Zakkenvullers
Volgens de Telegraaf (15-2-92) heeft staatssecretaris Simons in een brief aan de Tweede Kamer ontkend dat hij in een radio-uitzending de particuliere verzekeraars ‘zakkenvullers’ zou hebben genoemd. Simons was de vraag gesteld: ‘Vindt u de verzekeraars zakkenvullers?’ Daarop had hij geantwoord: ‘Zakkenvullers? Dat is me te sterk uitgedrukt.’ De journalist had alleen het antwoord uitgezonden.
Door zulke praktijken neemt de status van de journalistiek niet toe. In het algemeen zou het geen kwaad kunnen als het woord desgevraagd meer in de krantekolommen opdook. Maar interessanter is natuurlijk de vraag van welk gespreksmechaniekje de radiojournalist gebruik heeft gemaakt.

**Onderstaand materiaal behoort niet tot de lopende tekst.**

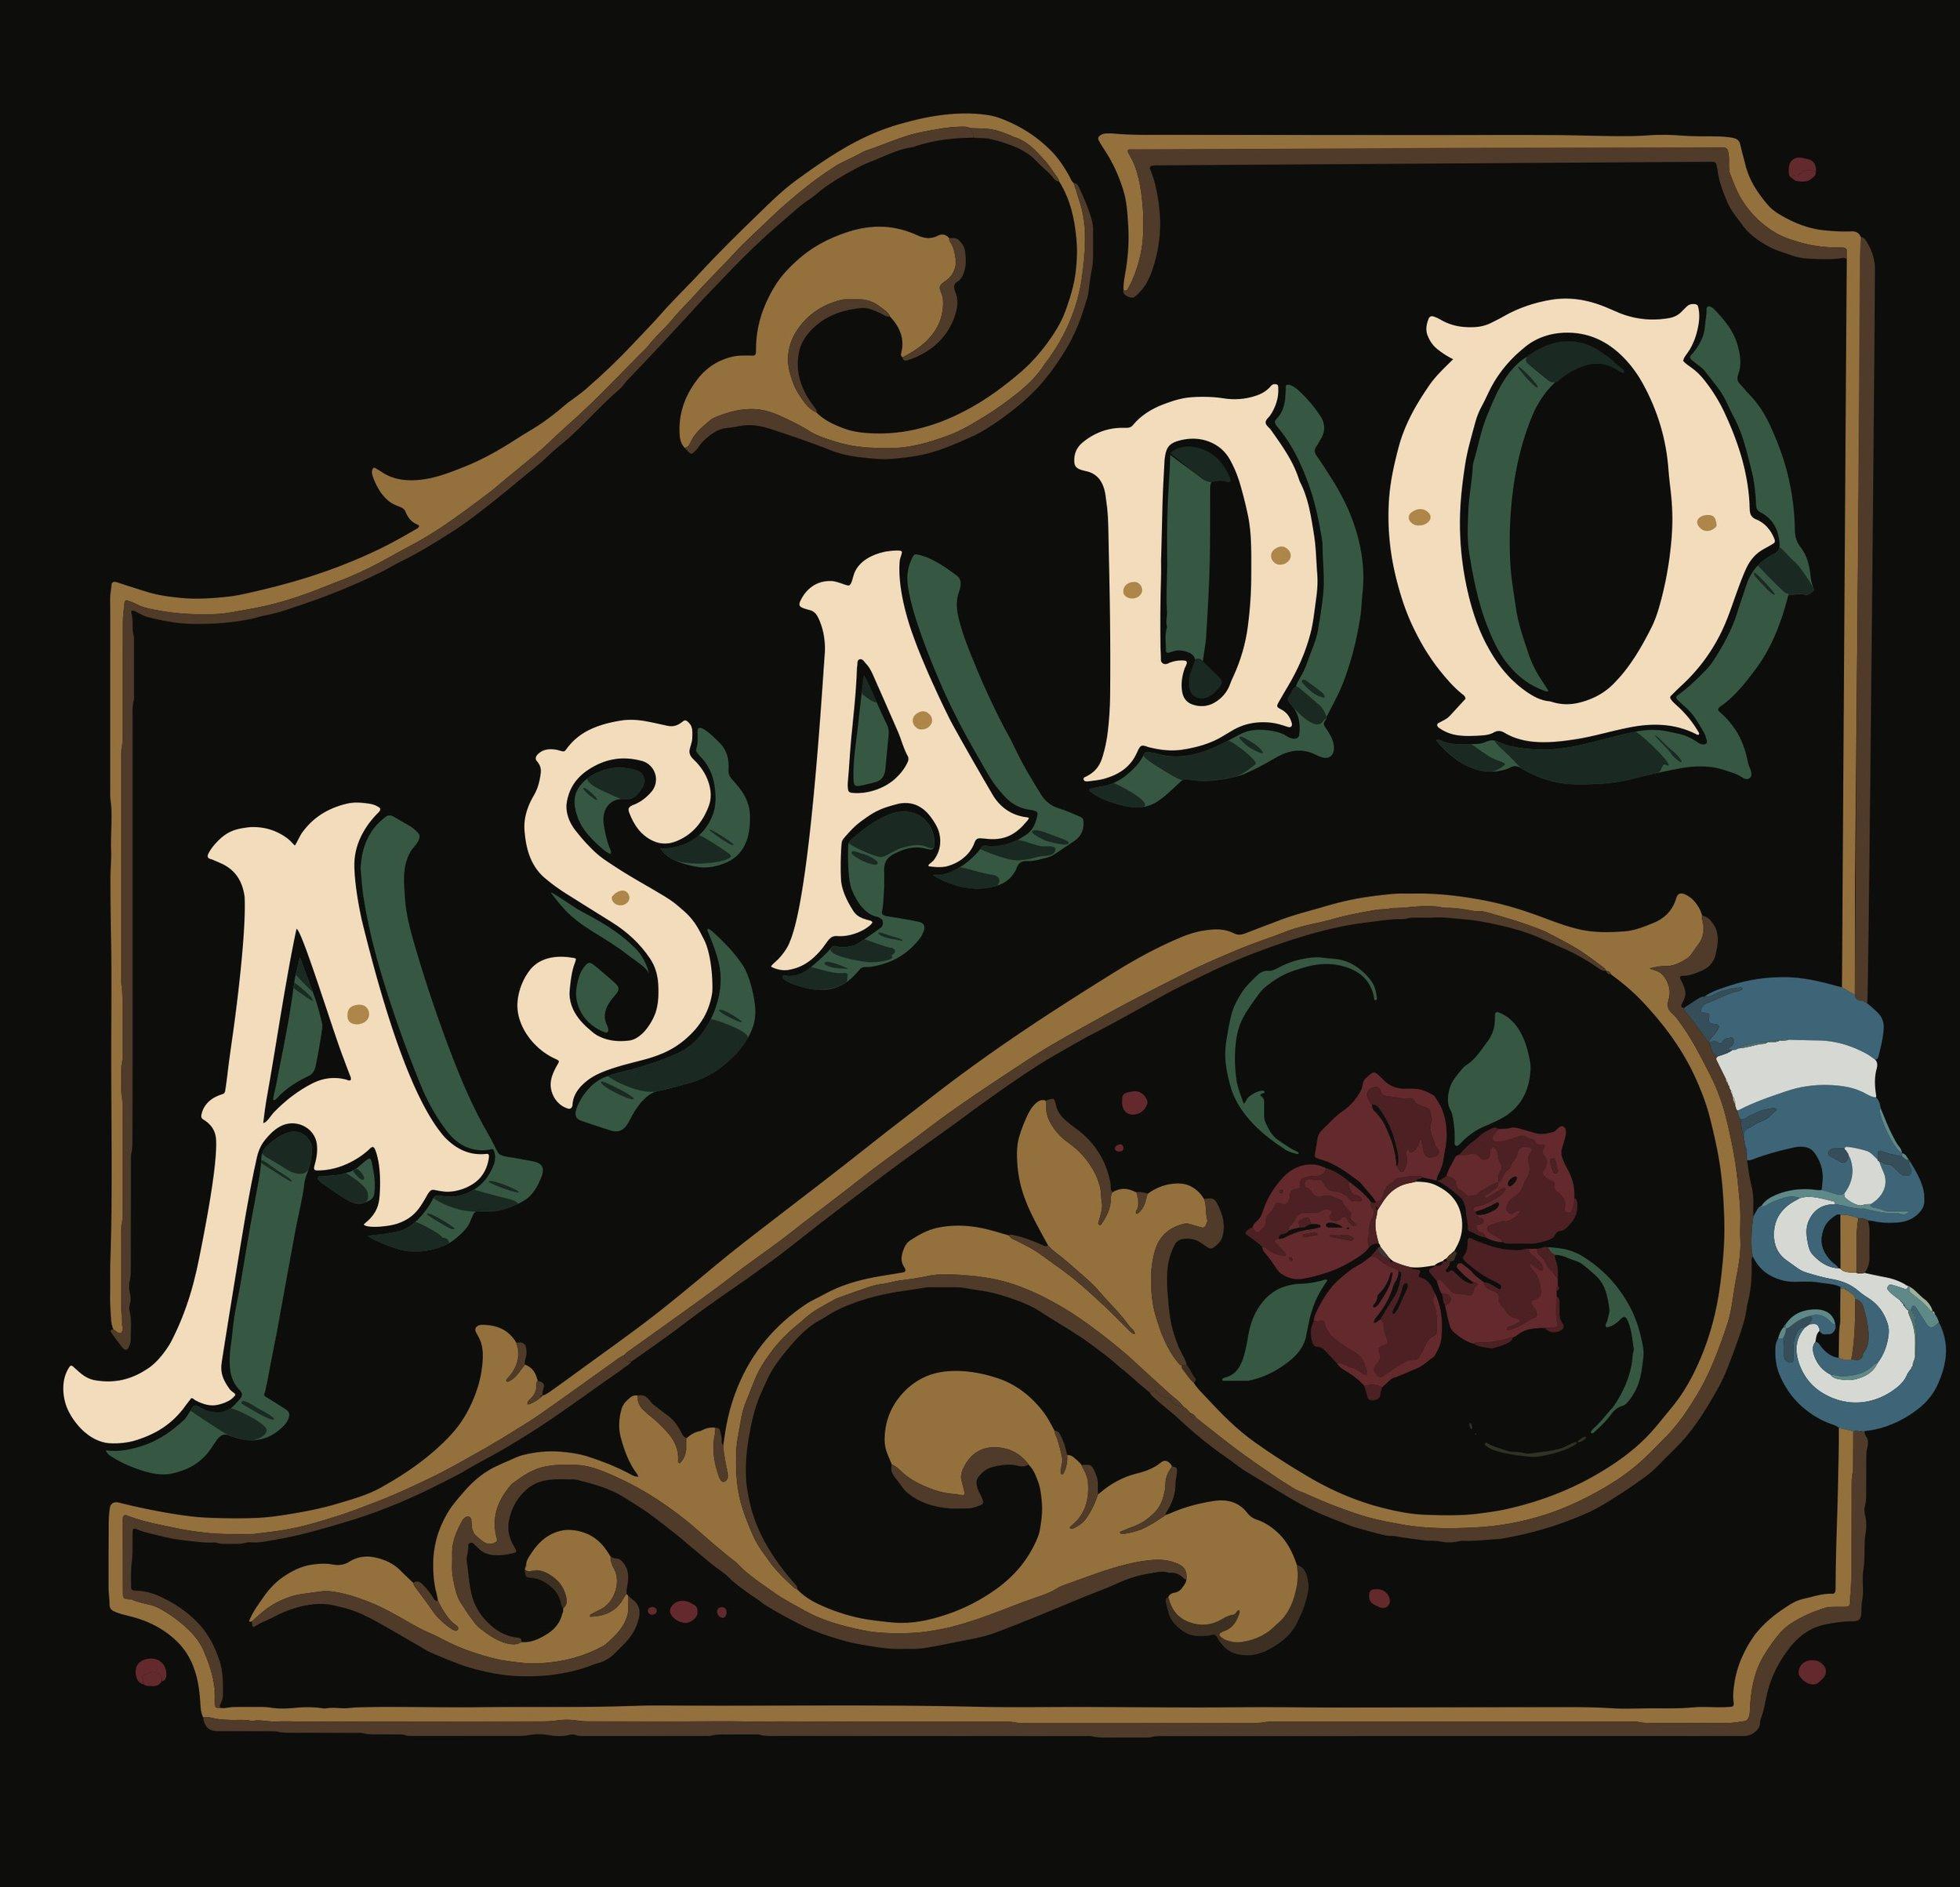 asado artwork.jpg

Wie een gesprek voert, ondergaat - meestal onbewust - de drang tot samenwerking met zijn gesprekspartners. Hoe toevallig ook mensen met elkaar in gesprek zijn geraakt, toch lijkt het wel of ze tot elke prijs willen samenwerken. Geen vraag zo gek, of er komt een antwoord op. Het is zelfs zo dat een geïnterviewde zijn antwoorden tot in de subtielste details van de formulering aanpast aan de vraag. Dat bleek uit het volgende experiment. Een groep winkeliers werd telefonisch gevraagd: ‘Om hoe laat sluit de winkel?’ Een vergelijkbare tweede groep winkeliers moest antwoord geven op de vraag: ‘Hoe laat sluit de winkel?’ De eerste groep antwoordde merendeels ‘Om zes uur’, de andere groep ‘Zes uur’.